Leaving out the pictures, please reproduce exactly and only the lines from the one that contains "Wound Management Manufacturer" through the last line below.
DATA EXTRACT below:
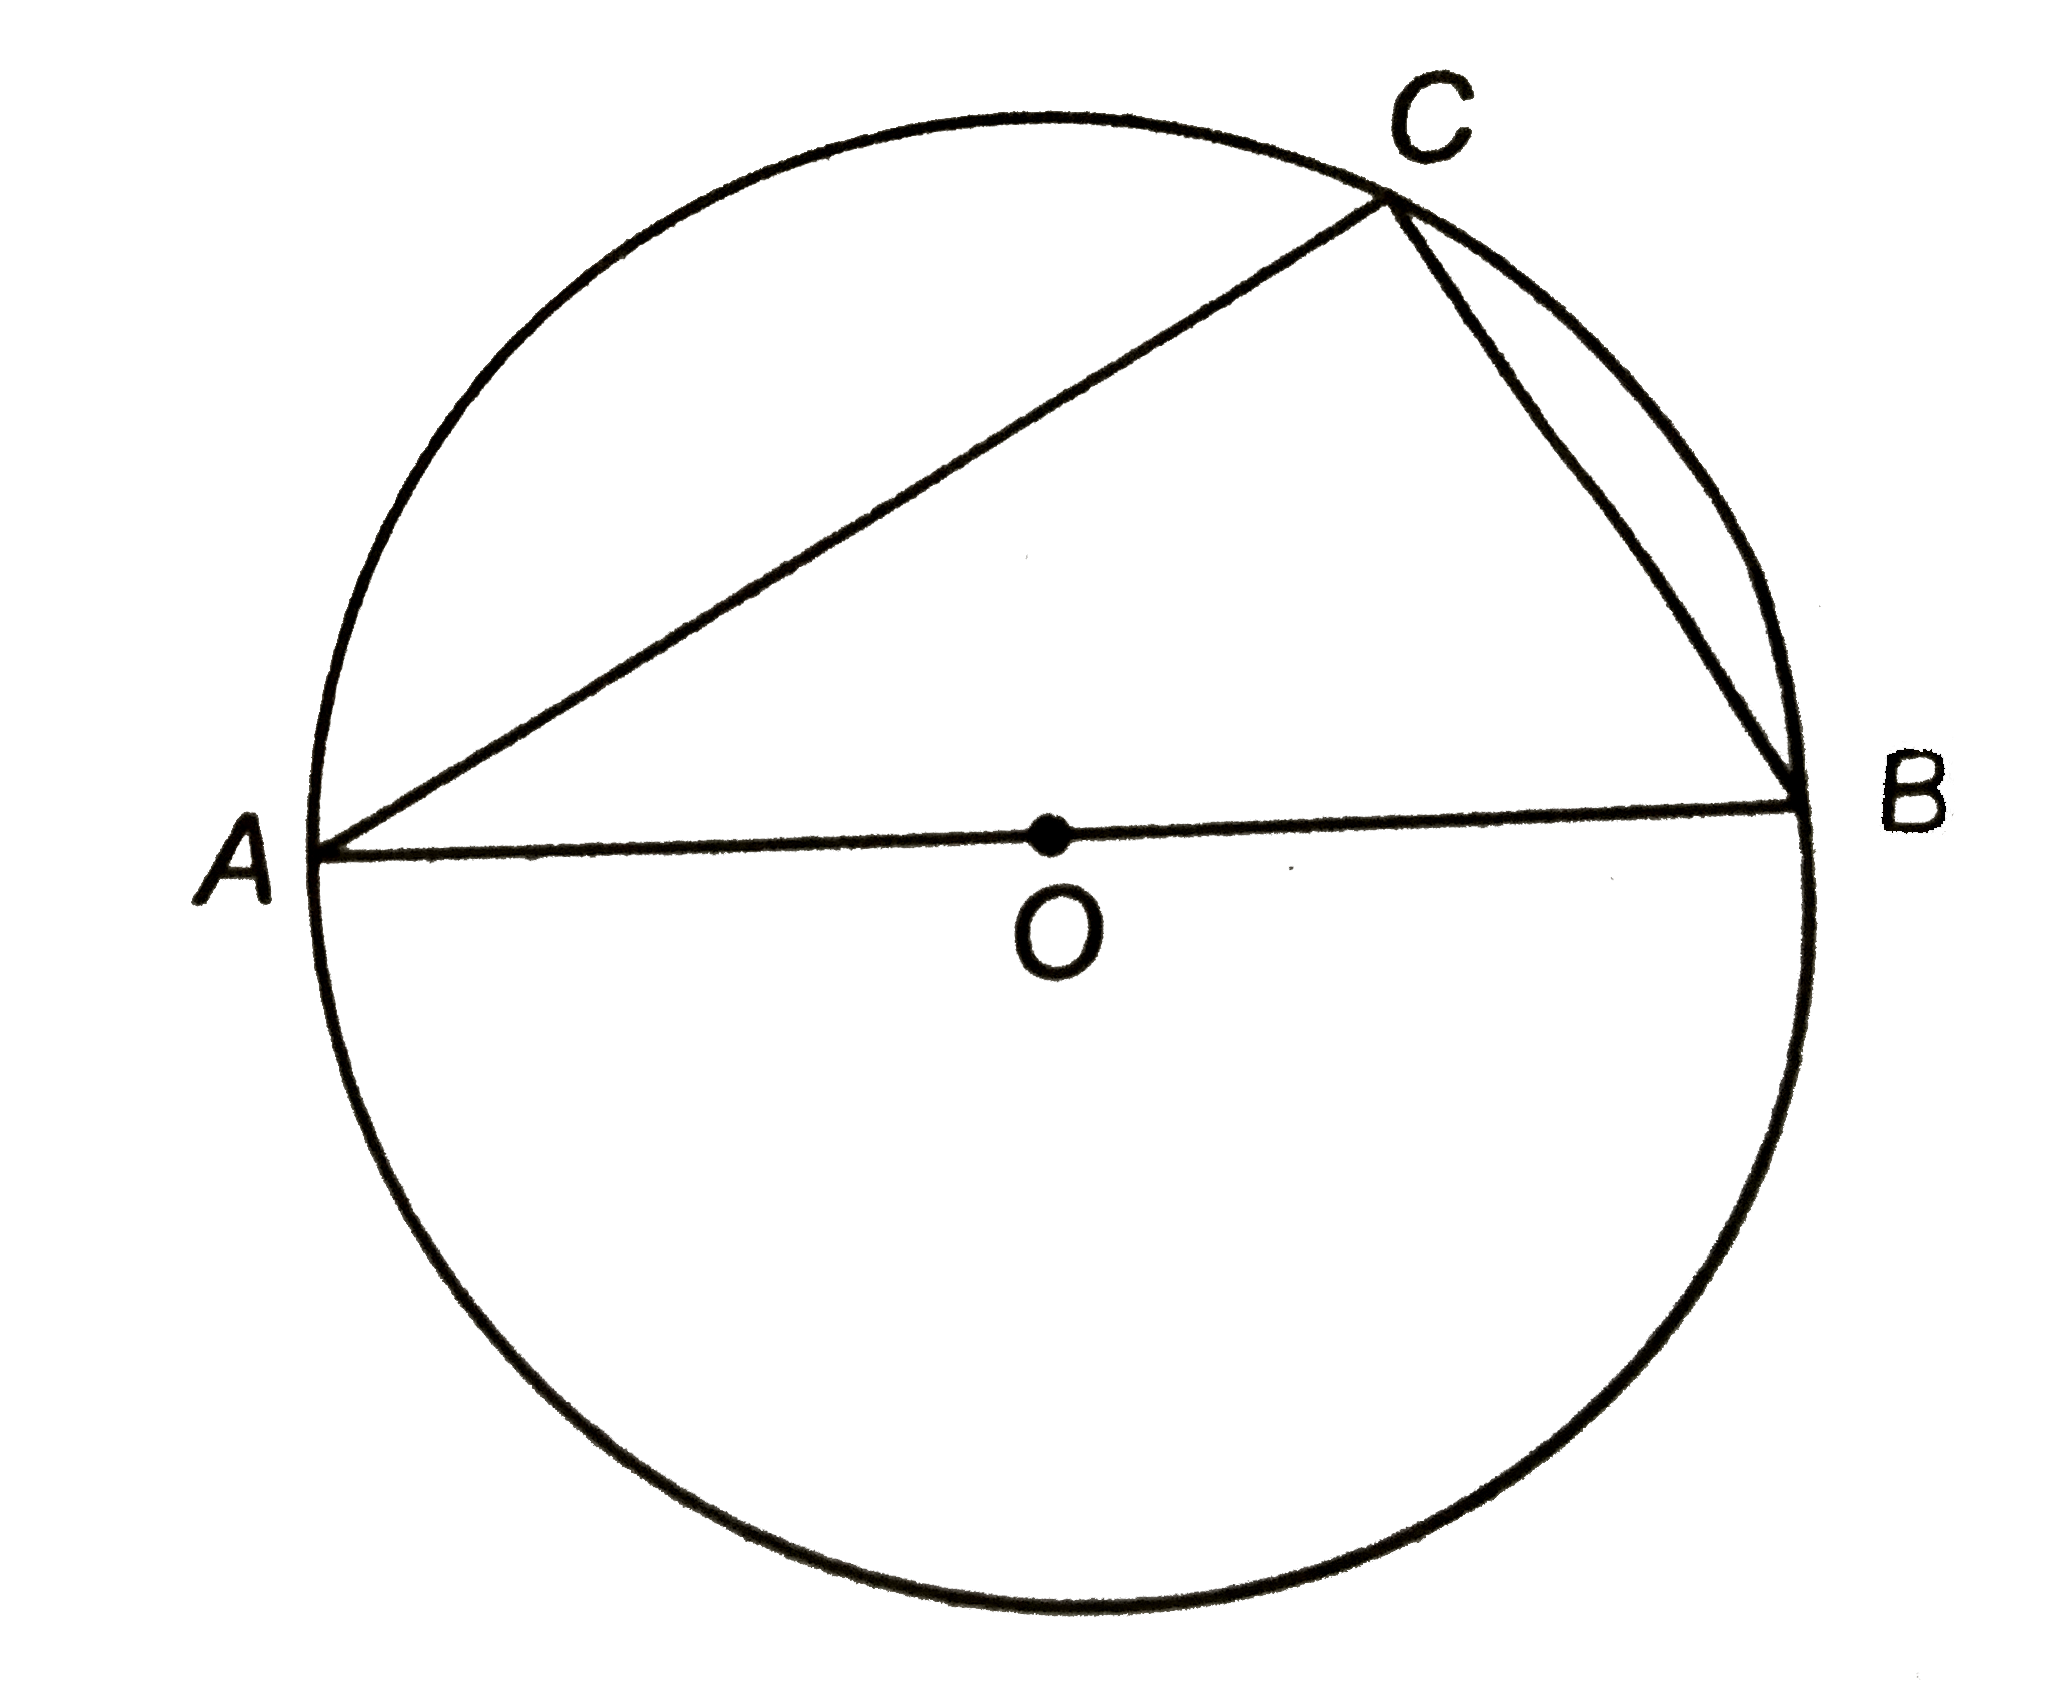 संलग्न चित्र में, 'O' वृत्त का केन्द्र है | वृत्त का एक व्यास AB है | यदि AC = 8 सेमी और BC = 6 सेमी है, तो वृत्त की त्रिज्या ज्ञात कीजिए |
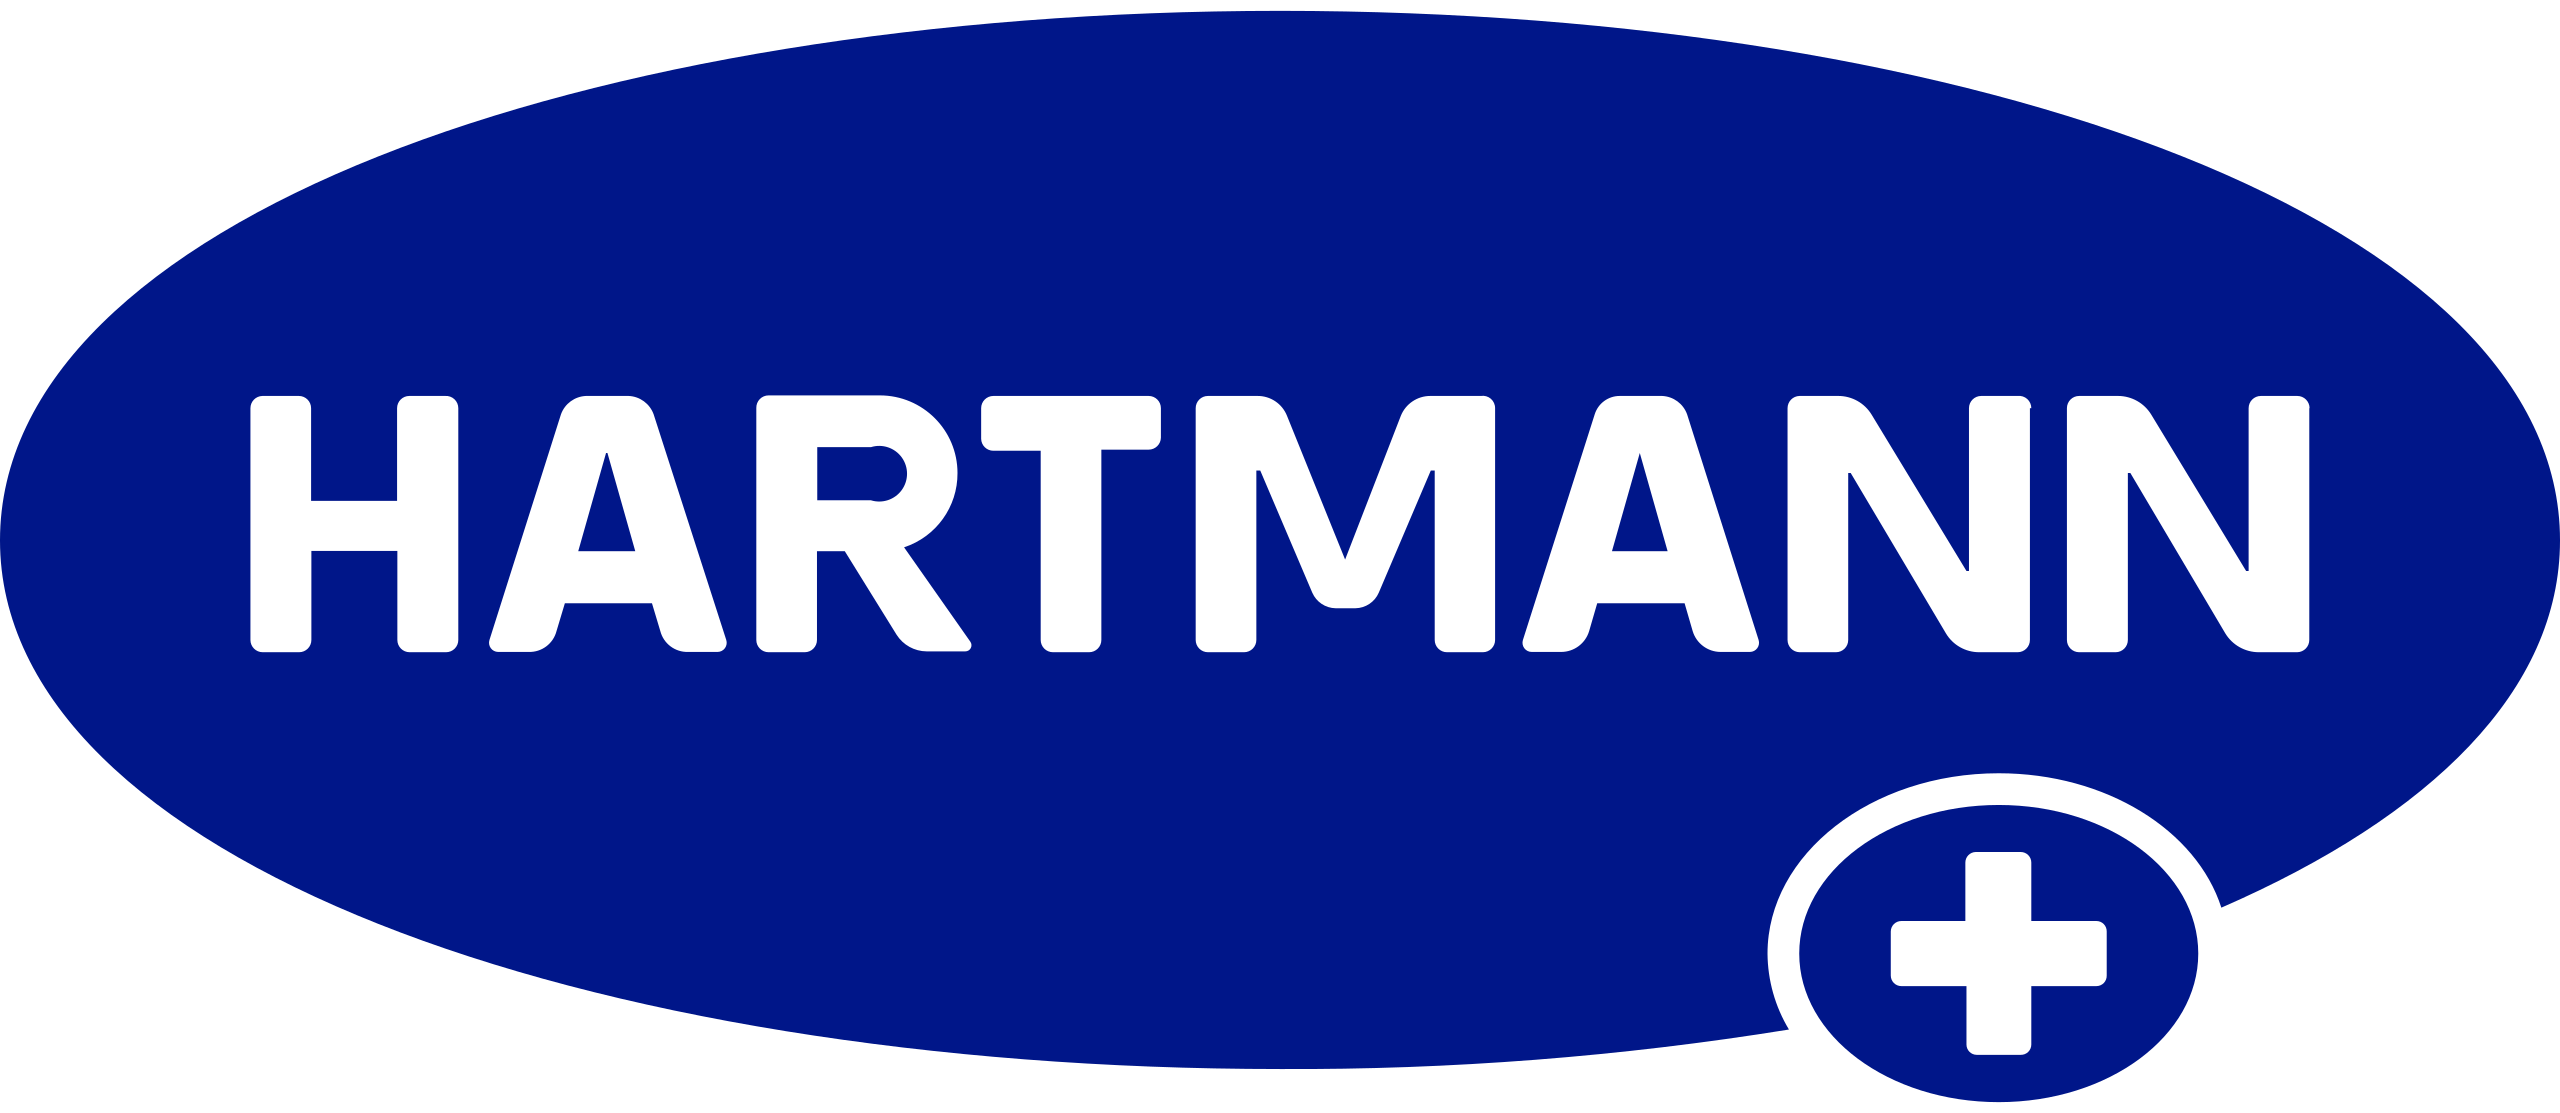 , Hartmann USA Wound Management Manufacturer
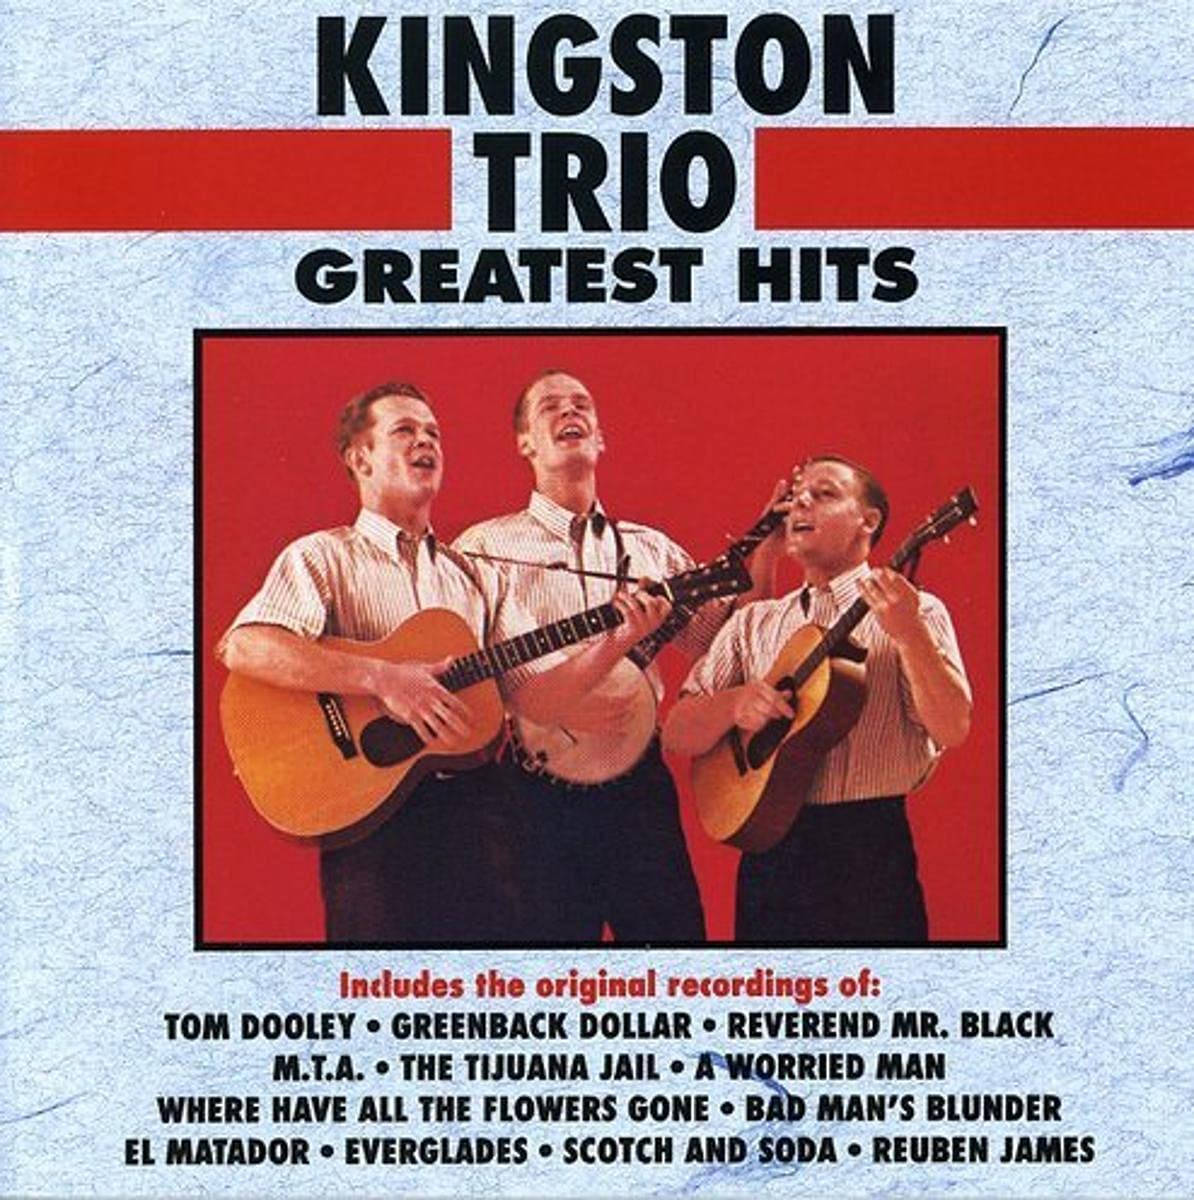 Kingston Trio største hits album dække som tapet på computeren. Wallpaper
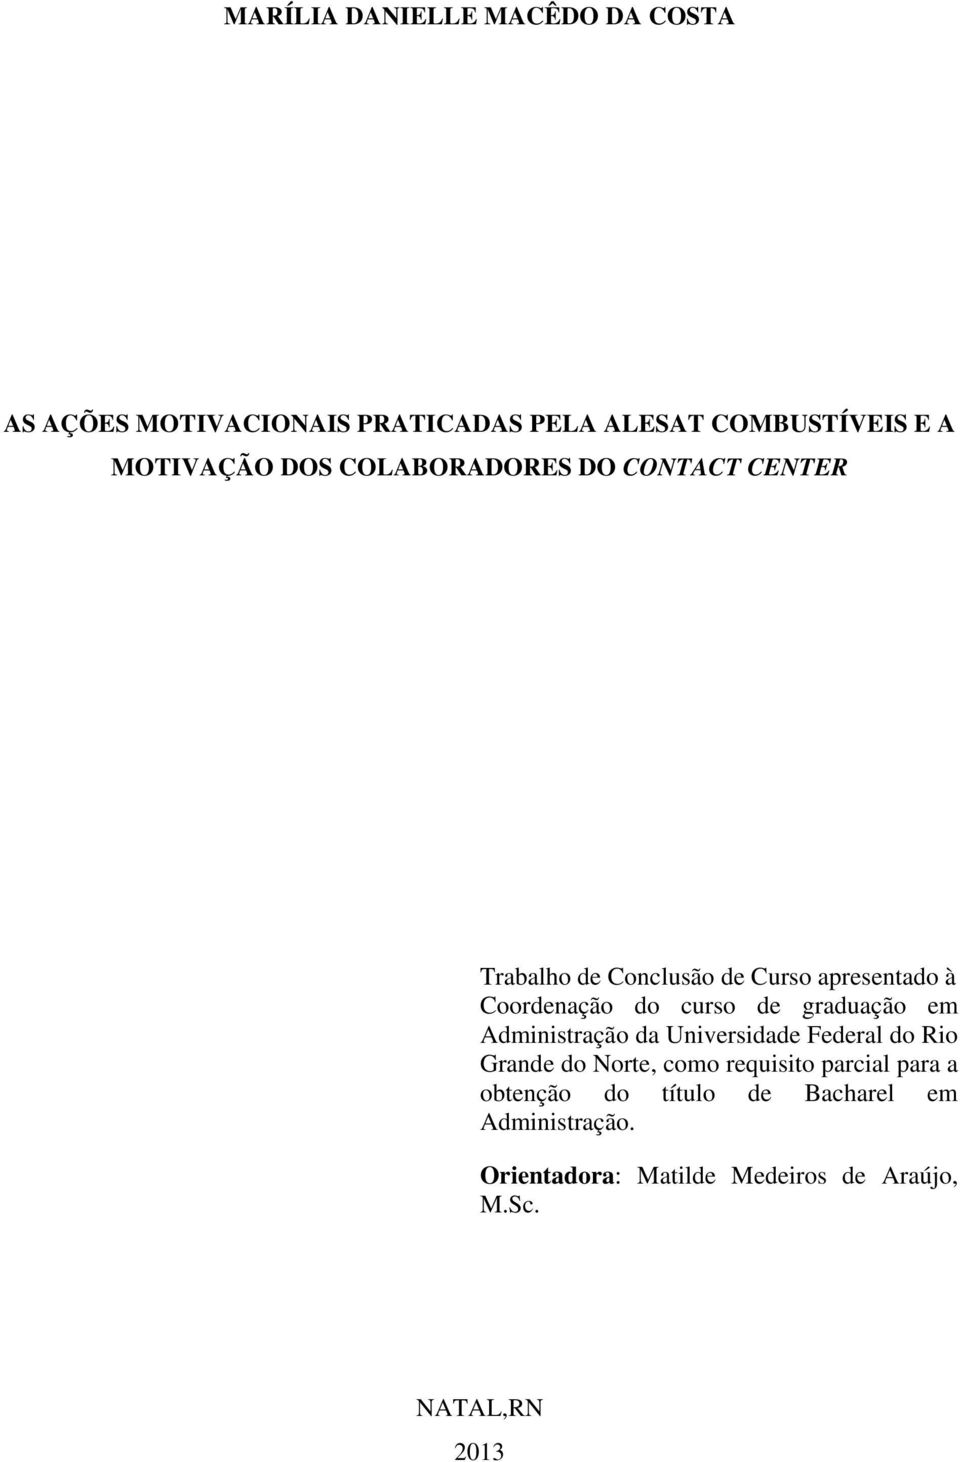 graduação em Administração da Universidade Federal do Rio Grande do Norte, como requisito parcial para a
End of DATA EXTRACT.
### SOLUTION FOR THIS PROBLEM
 , Hartmann USA Wound Management Manufacturer
 Kingston Trio største hits album dække som tapet på computeren. Wallpaper
 graduação em Administração da Universidade Federal do Rio Grande do Norte, como requisito parcial para a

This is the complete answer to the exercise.